- Leader: Antoine Waechter
- Founded: 1994
- Split from: The Greens
- Headquarters: 26-ter rue Nicolaï F-75012 Paris
- Ideology: Green liberalism
- Political position: Centre
- National affiliation: Ecologist Rally
- International affiliation: World Ecological Parties
- Colours: Green
- National Assembly: 0 / 577
- Senate: 0 / 343
- European Parliament: 0 / 72
- Seats in Regional Councils: 3 / 1,880

Website
- www.les-ecologistes-mei.org

= Independent Ecological Movement =

French political party

The Independent Ecological Movement (Mouvement écologiste indépendant) is a political party in France founded by Antoine Waechter, former presidential candidate of The Greens in 1994. The MEI hoped to replace the Greens as the major green party, but due to the Green's electoral deals with larger parties, it failed to do so. They claim to be purely ecologist, and neither on the left or right. Waechter failed to win enough endorsements to be a candidate in the 1995 French presidential election. The party ran candidates in the 2004 regional elections and in the 2004 European Parliament election in France and were able to prevent the Greens from gaining more seats, such as in the Eastern EU parliamentary region where the MEI's 3% were enough to prevent the Greens from taking 2 seats there instead of one.

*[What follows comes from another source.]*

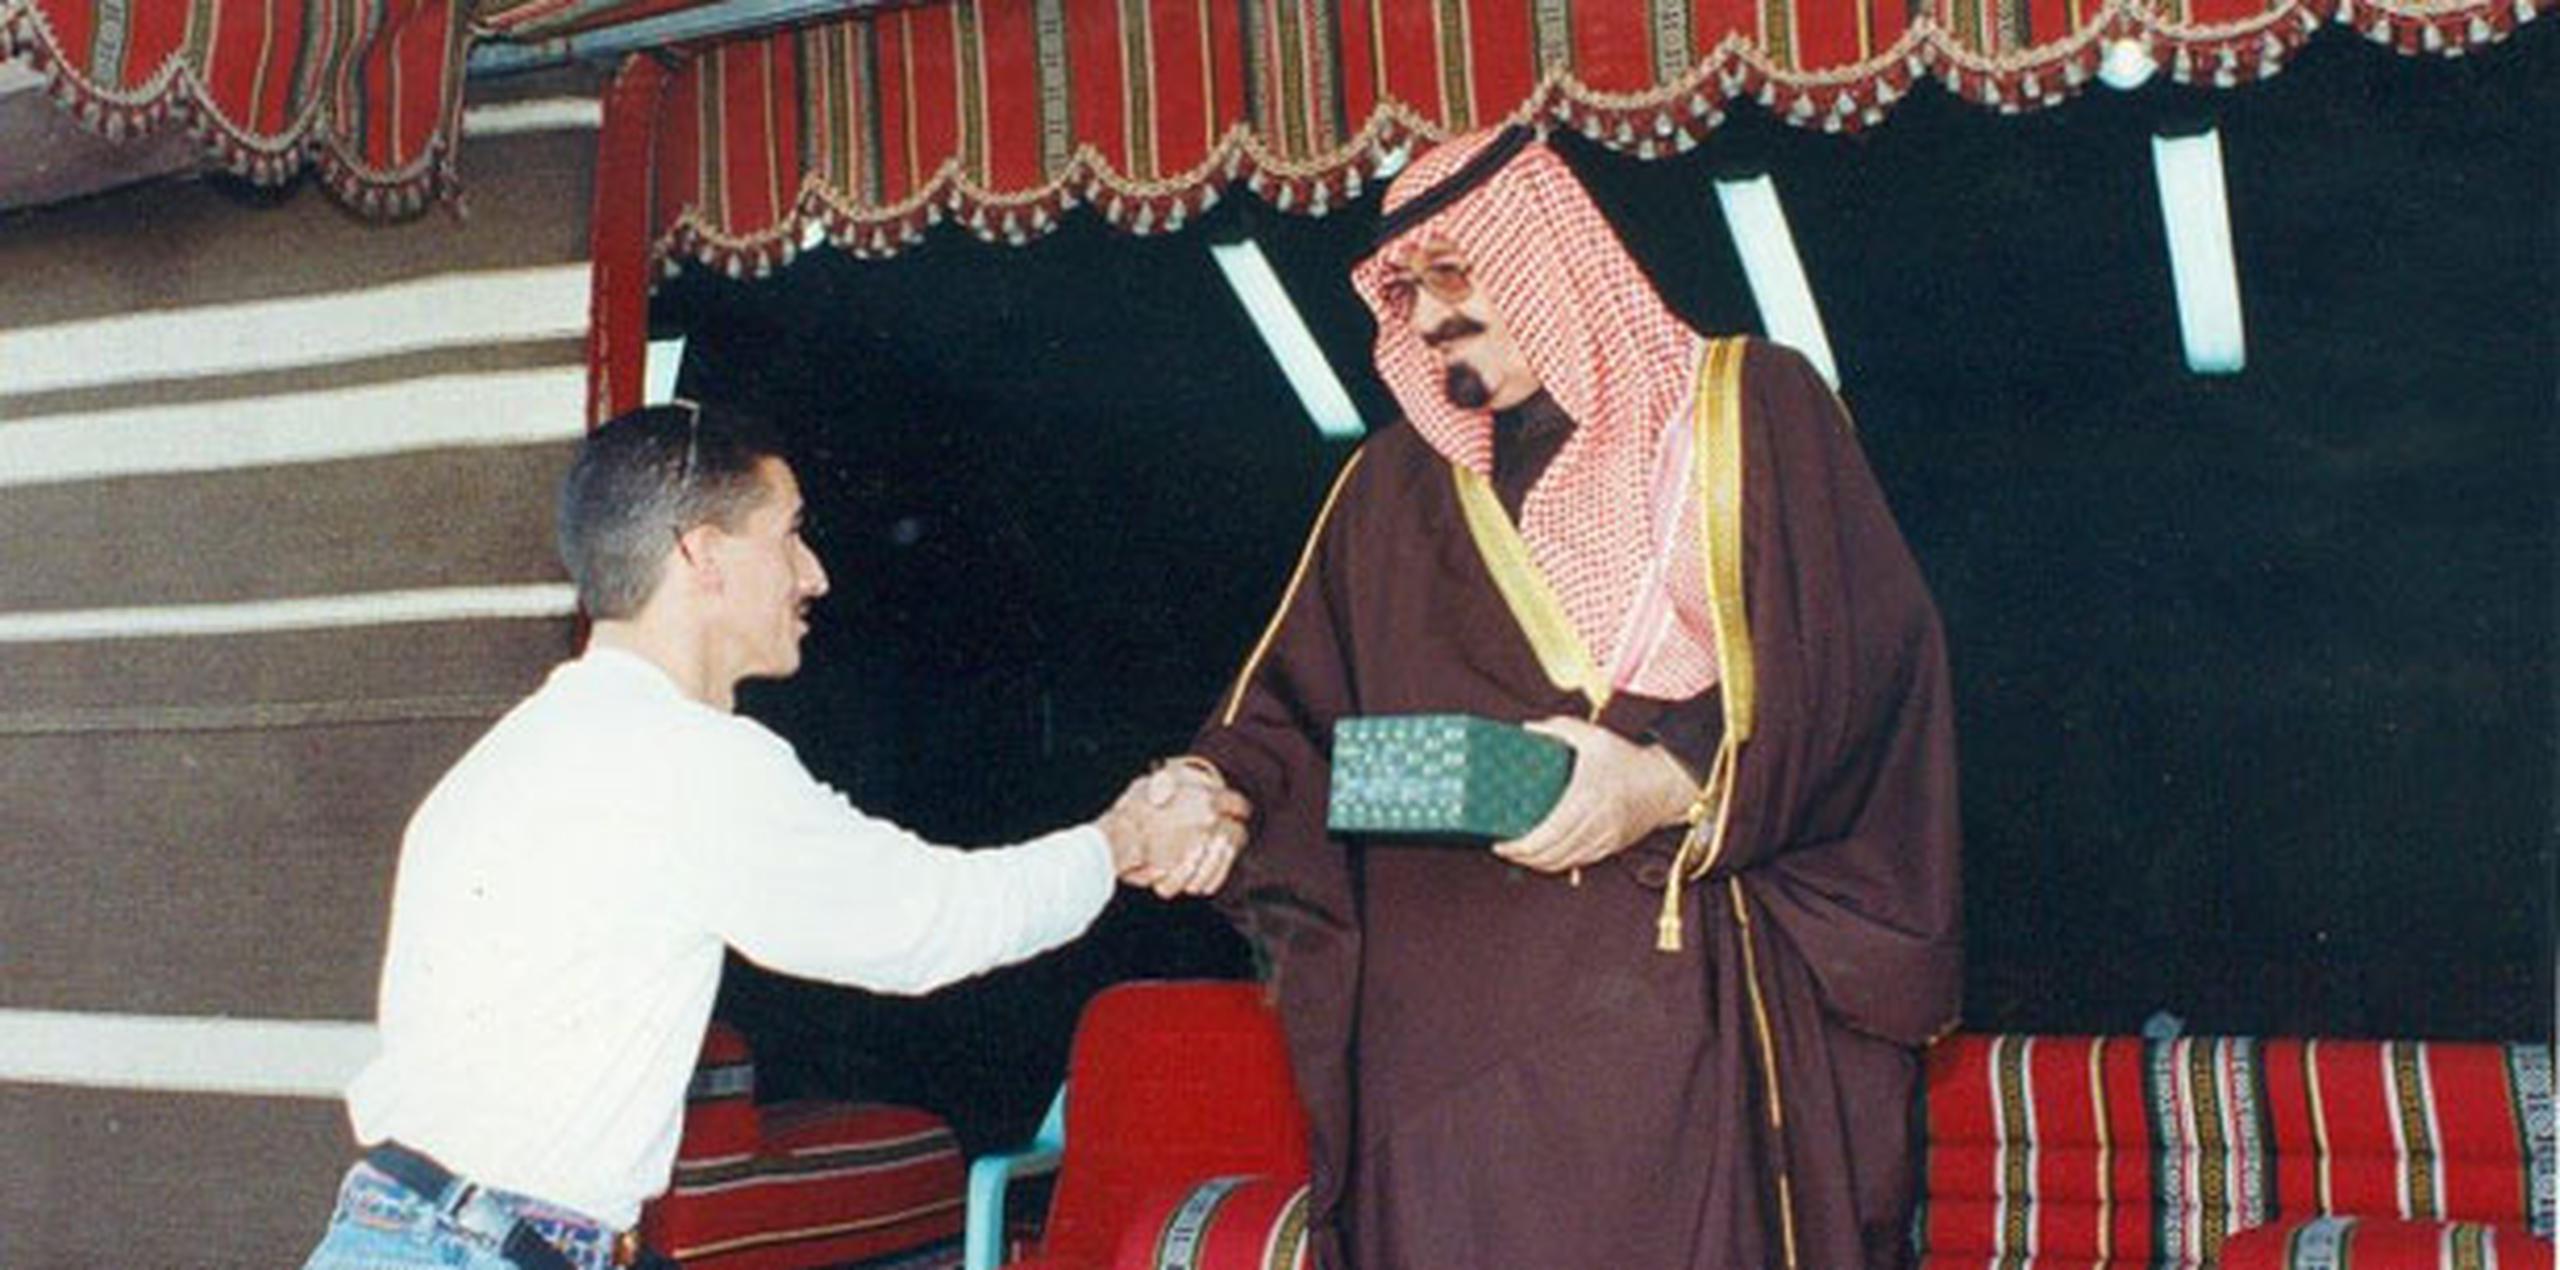 Díaz fue contratado para una temporada en Arabia Saudí en agosto del 2000 y salió el país un mes antes del ataque terrorista que derrumbó las Torres Gemelas en el 2001. (Suministrada)

In the 2007 presidential election, Antoine Waechter rallied the centrist Francois Bayrou after failing to be a candidate himself. Before the 2007 general election, the party signed an electoral deal with Ecology Generation, the Greens and CAP21 having refused to join. 133 MEI candidates nationwide ran for the assembly's 577 seats. 84 candidates obtained 1% or more, even with Green opposition. The MEI seems to have become France's second green party.

Despite being favourable to the Europe Écologie coalition, for the 2009 European Parliament election, the party ran as part of the Independent Ecological Alliance which won 3.63% of the vote.

The party continued its participation in the Independent Ecological Alliance during the 2010 regional elections, except notably in Alsace where it participated in a joint Europe Écologie-MEI list, which later merged with the Socialist list. Antoine Waechter was elected regional councillor for the Haut-Rhin and the party received 2 other regional councillors across France.